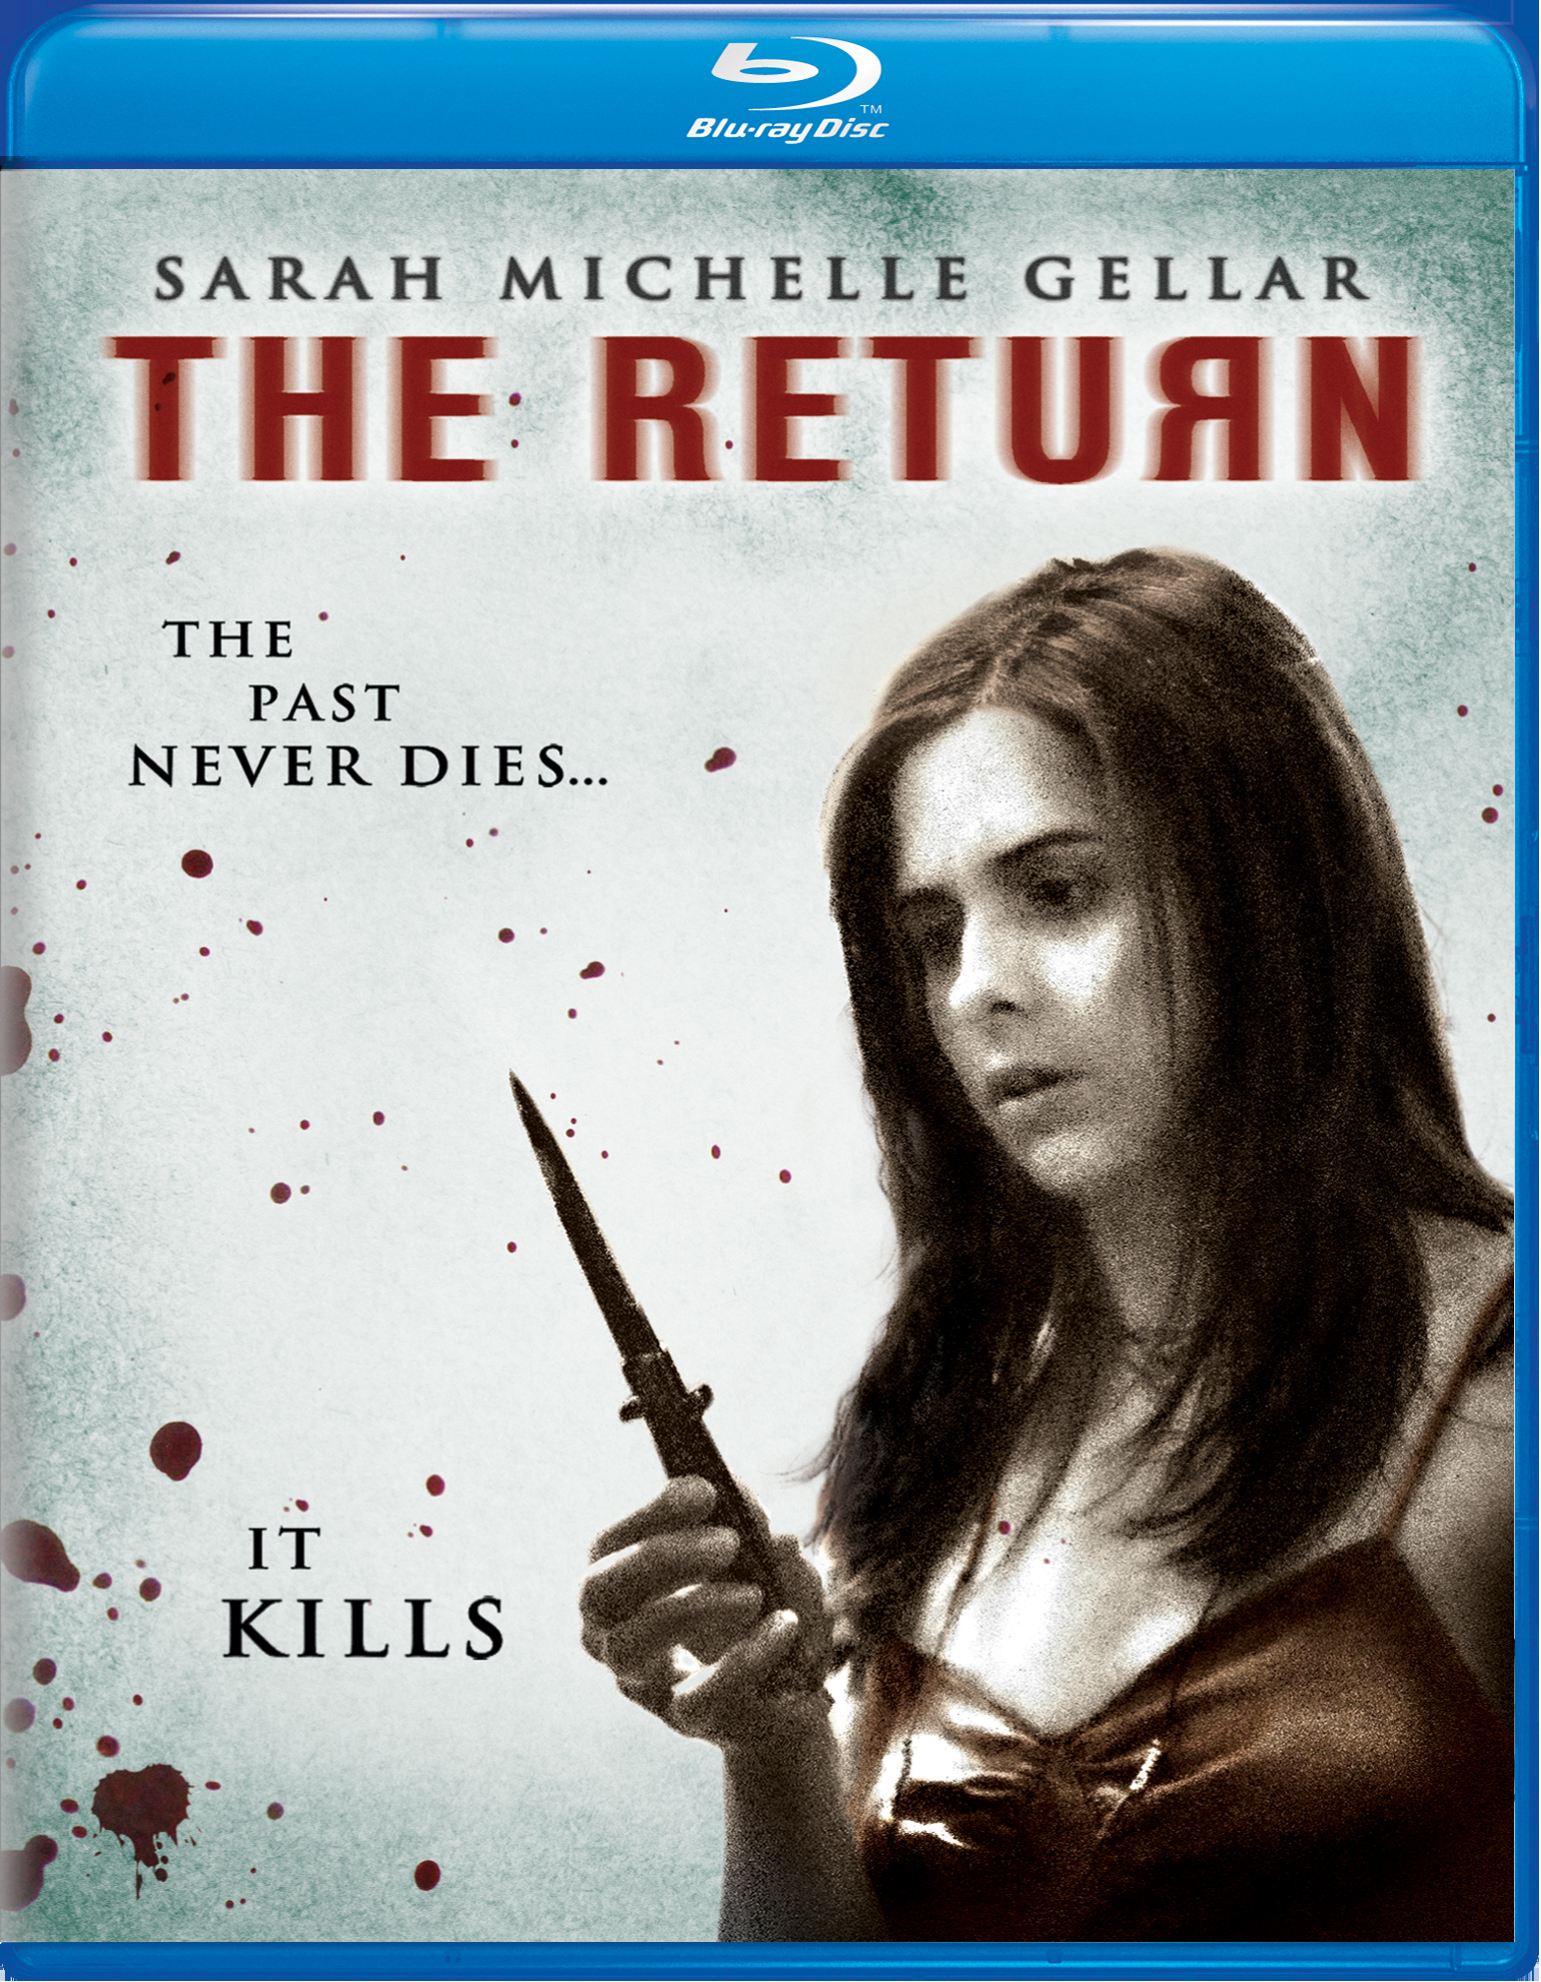 The Return - Blu-ray [ 2006 ]  - Thriller Movies On Blu-ray - Movies On GRUV
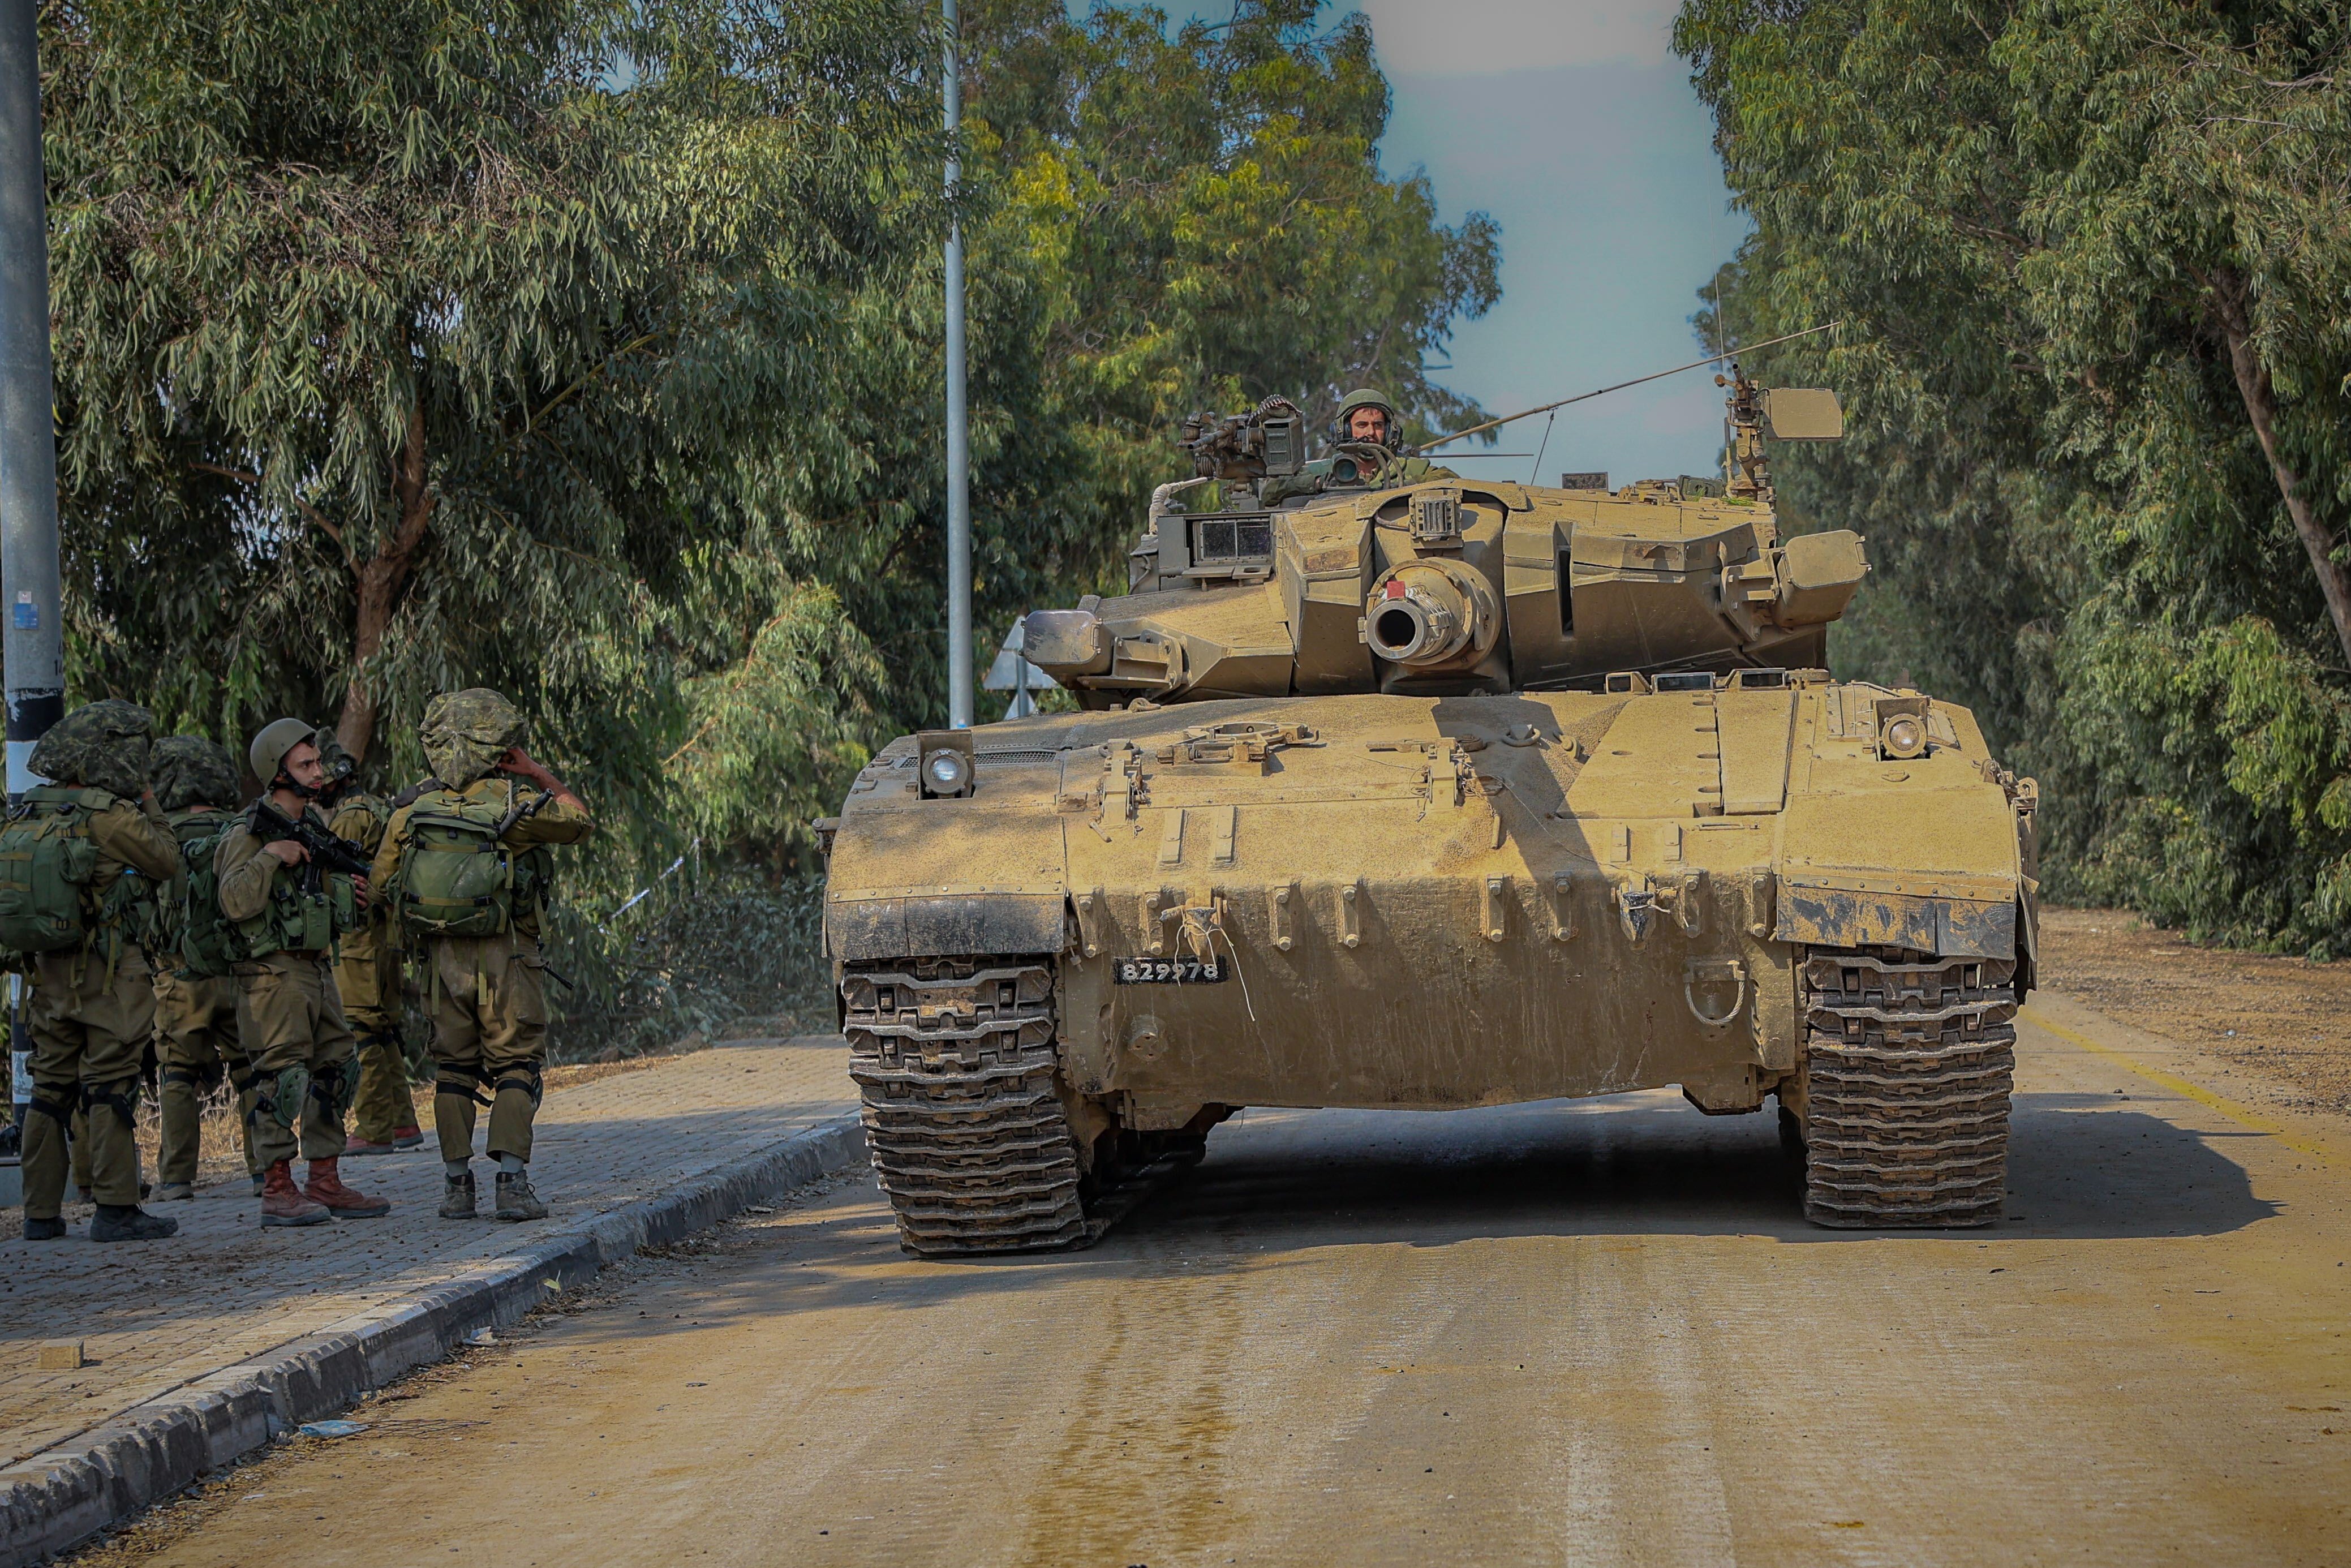 An Israeli tank and soldiers in Kfar Aza
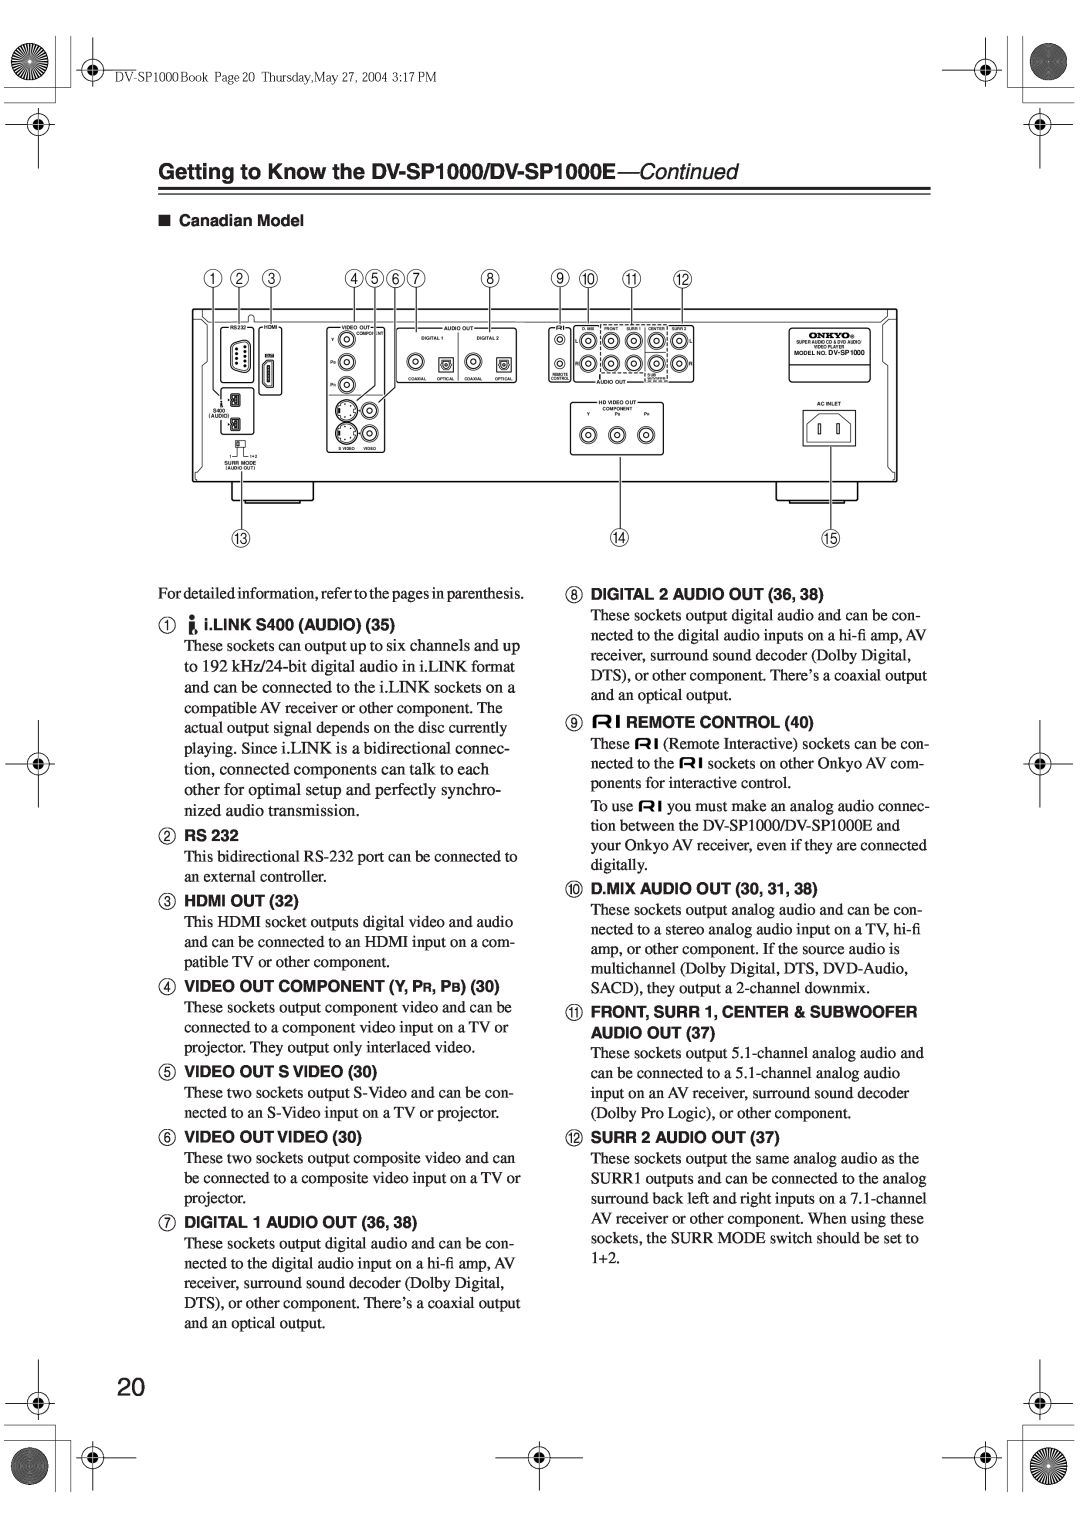 Onkyo DV-SP1000E instruction manual 4567 8 9 J K L, Mn O
───
§ **Exercise requirements**
Starting at the line that holds "An Israeli tank and soldiers in Kfar Aza", copy each line exactly through the end of the listing, both ends included. Leave the pictures out.

§ **Answer box**
 An Israeli tank and soldiers in Kfar Aza
 Onkyo DV-SP1000E instruction manual 4567 8 9 J K L, Mn O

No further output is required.